# What to produce:
An exact repetition of every entry, with no images, is the required answer.

Records from a collection:
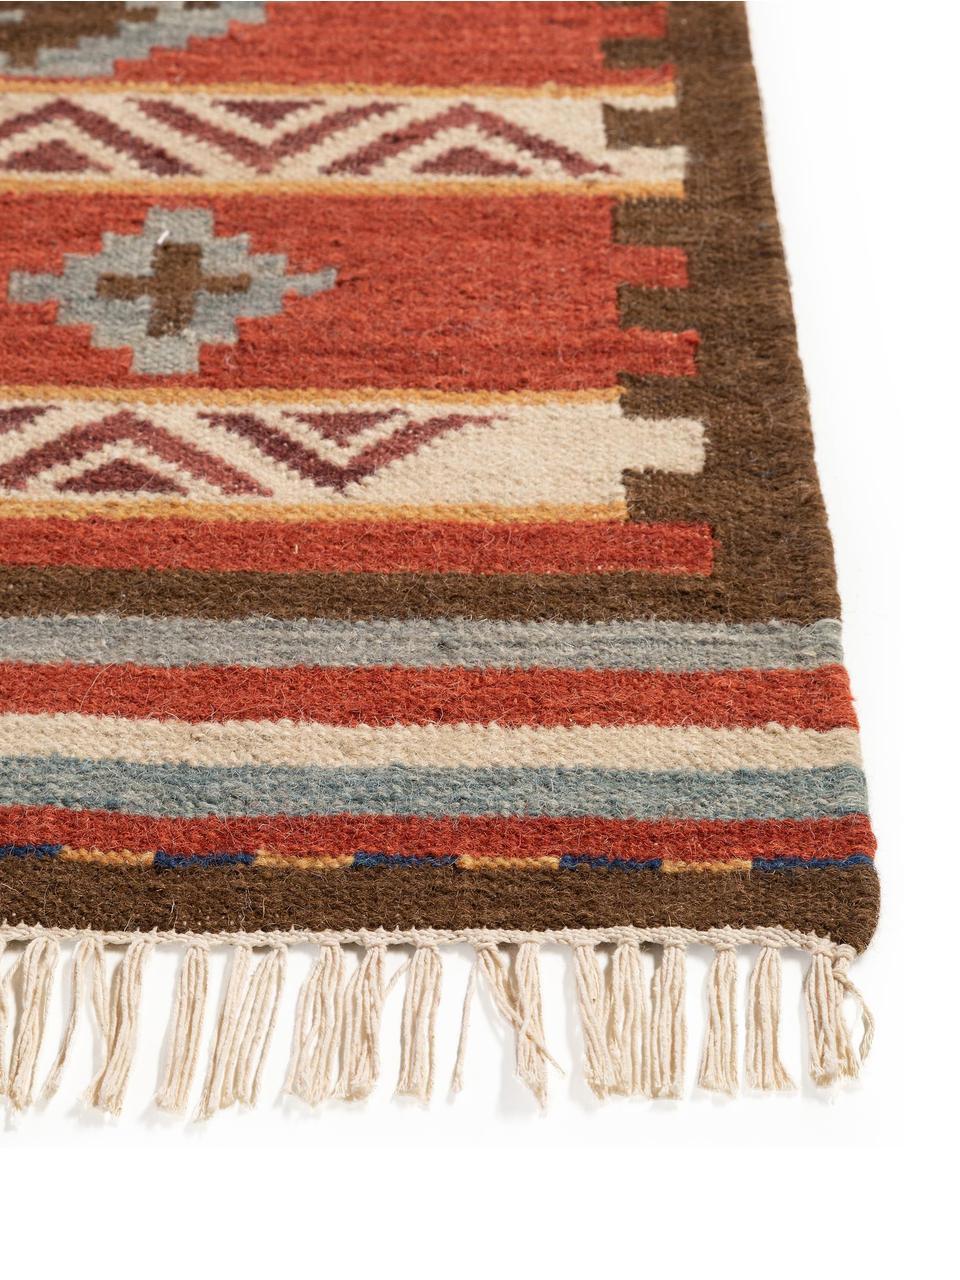 Tappeto in lana tessuto a mano Zohra, Retro: lana, Rosso, multicolore, Larg. 160 x Lung. 230 cm (taglia M)
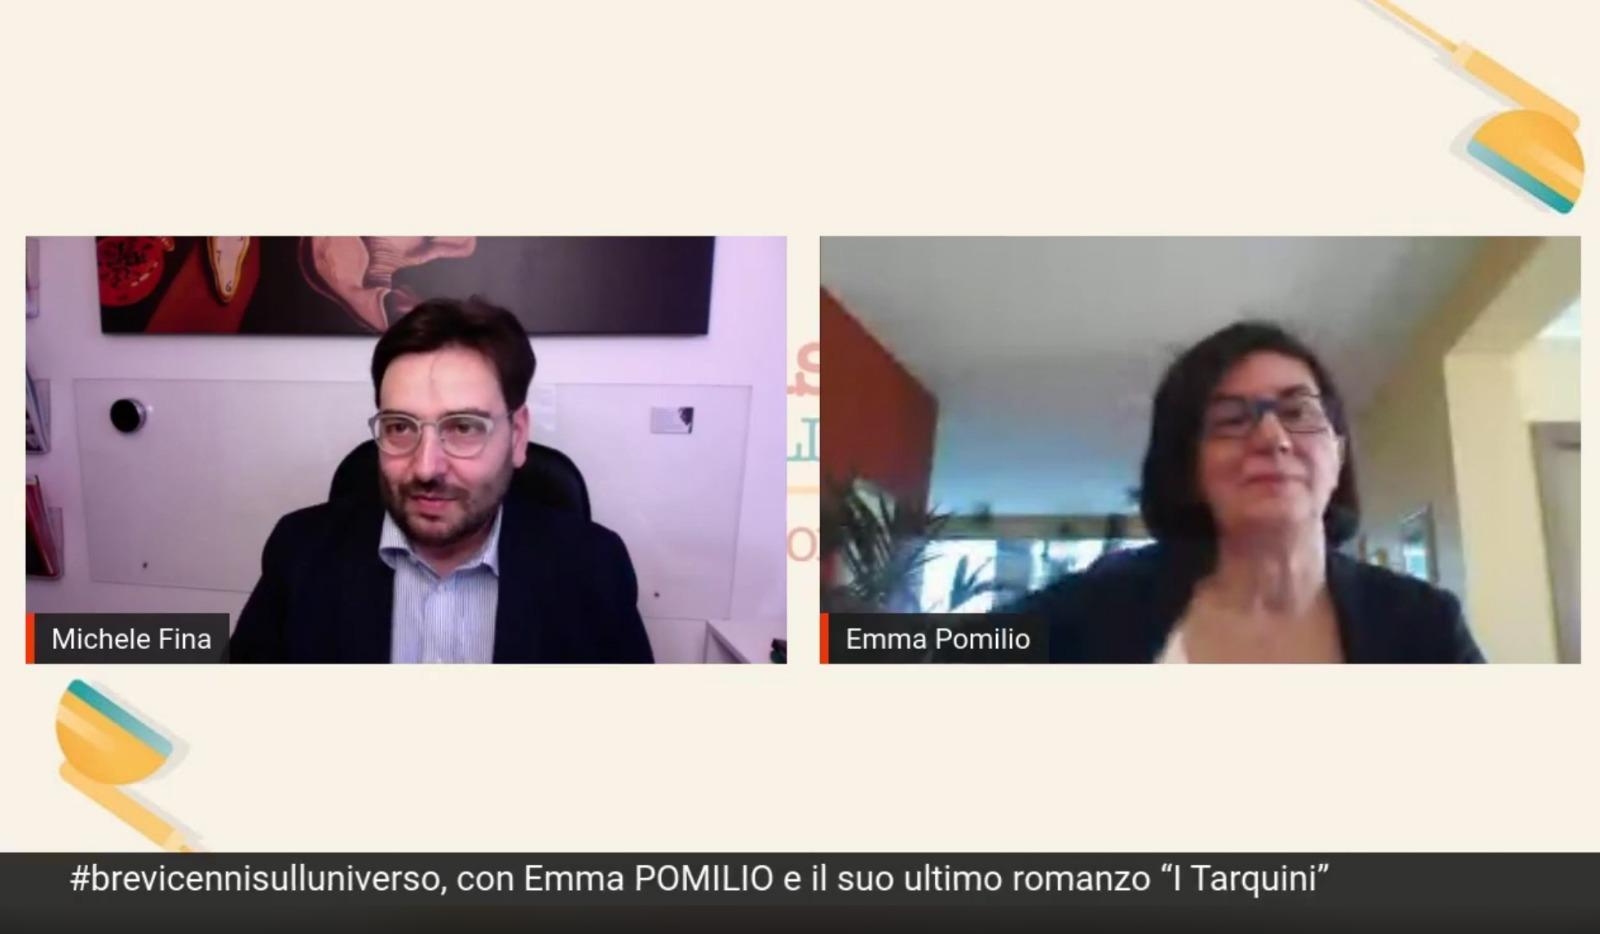 Quando il mondo politico incontra quello culturale: il confronto tra Michele Fina ed Emma Pomilio
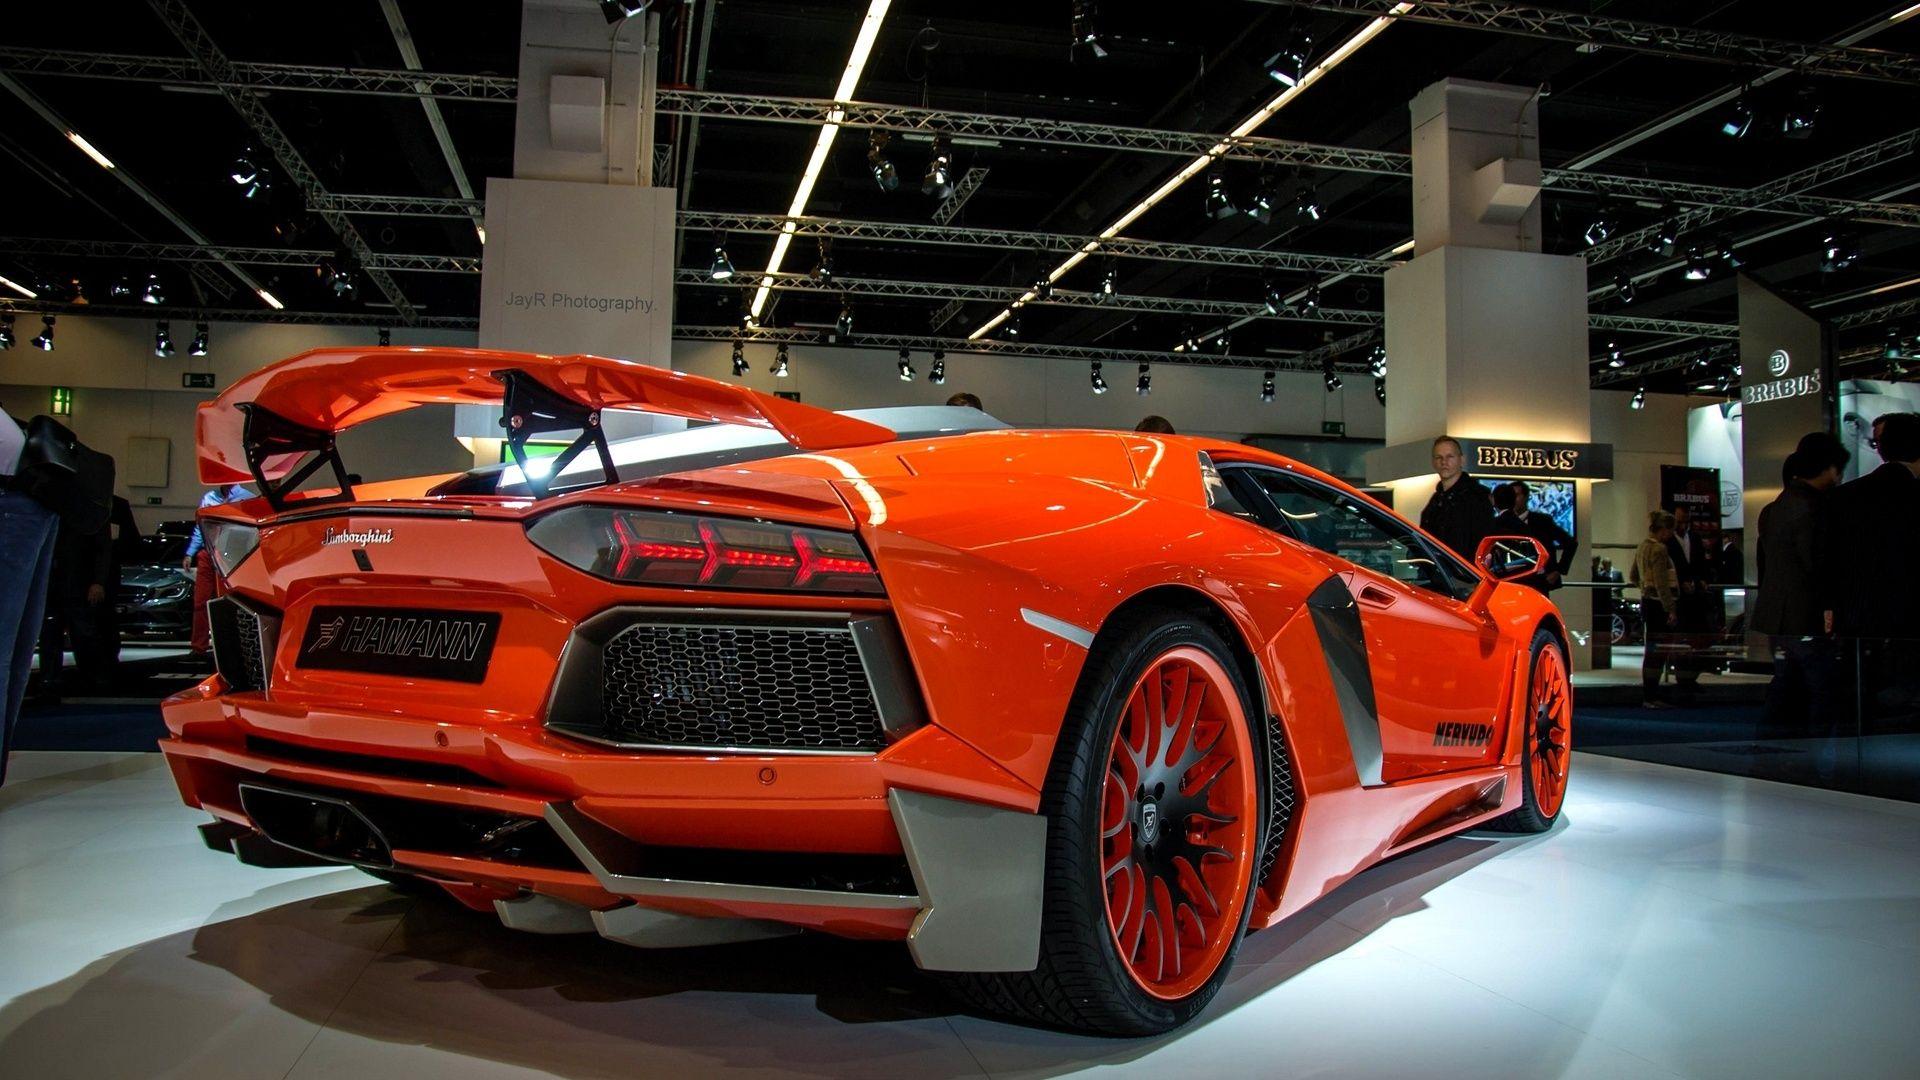 Orange Lamborghini Aventador Super Car Wallpaper - http://www.gbwallpapers.com/orange-lamborghini-aventador-super-car-wallpaper/ (Aventador, Lamborghini, Orange, super car, Wallpaper / Cars)
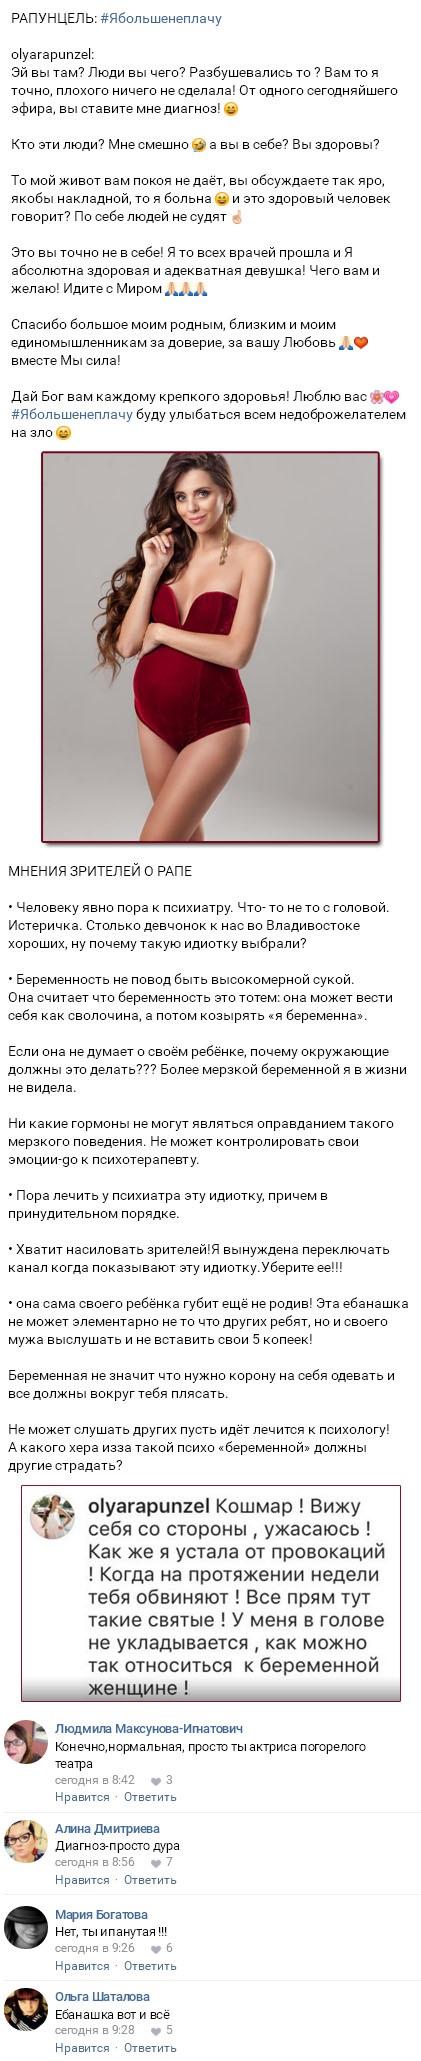 Ольга Рапунцель опровергает все диагнозы которые поставили ей телезрители
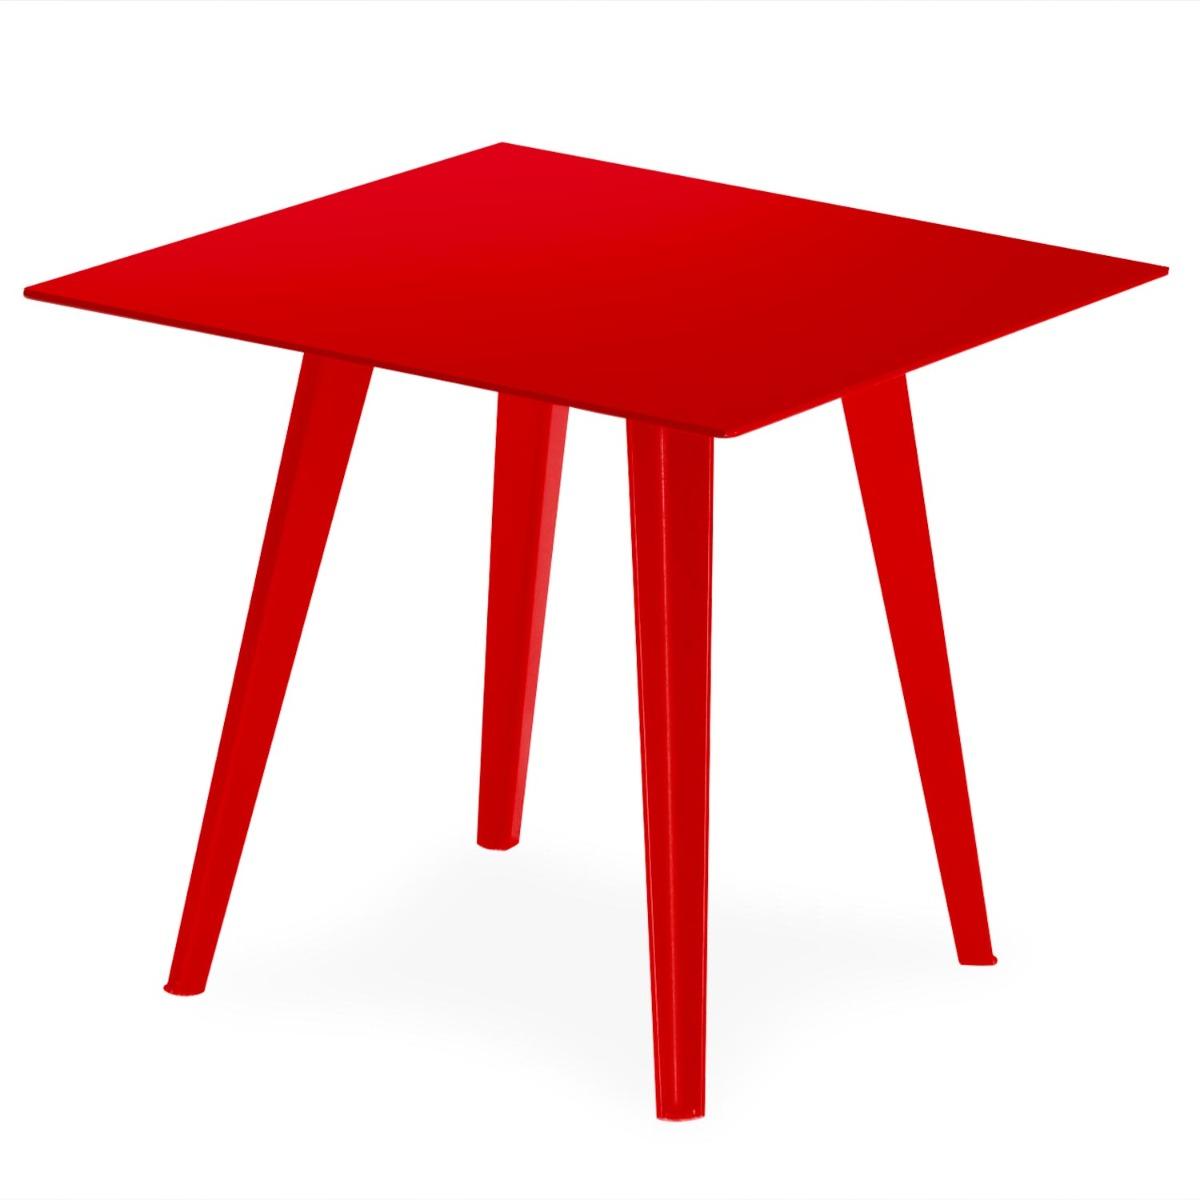 Table d'appoint magnétique carrée 40cm Bipolart Métal Rouge
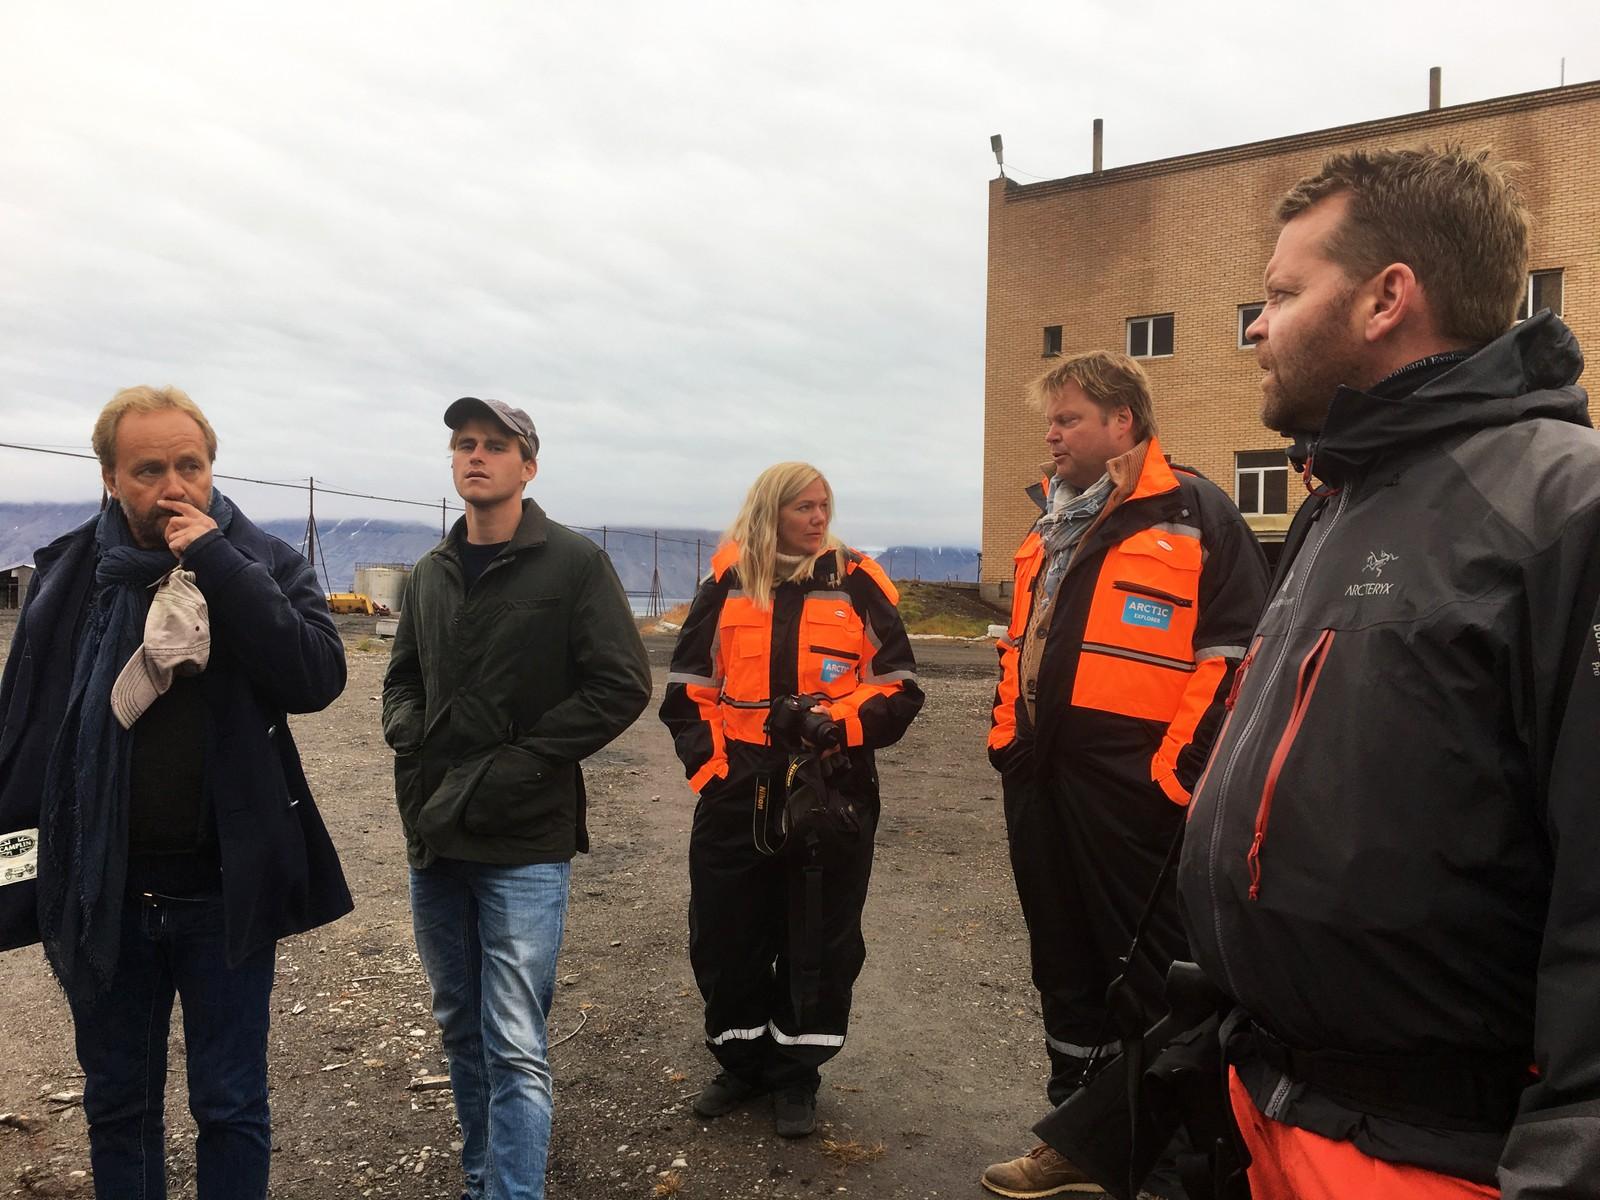 Øystein Wiik og sønnen, Maja Lunde, Jørn Lier Horst og isbjørnvakt, kokk og cruise-eier Steve.

# Written answer:
 Tappeto in lana tessuto a mano Zohra, Retro: lana, Rosso, multicolore, Larg. 160 x Lung. 230 cm (taglia M)
 Quando il mondo politico incontra quello culturale: il confronto tra Michele Fina ed Emma Pomilio
 Orange Lamborghini Aventador Super Car Wallpaper - http://www.gbwallpapers.com/orange-lamborghini-aventador-super-car-wallpaper/ (Aventador, Lamborghini, Orange, super car, Wallpaper / Cars)
 Ольга Рапунцель опровергает все диагнозы которые поставили ей телезрители
 Table d'appoint magnétique carrée 40cm Bipolart Métal Rouge
 Øystein Wiik og sønnen, Maja Lunde, Jørn Lier Horst og isbjørnvakt, kokk og cruise-eier Steve.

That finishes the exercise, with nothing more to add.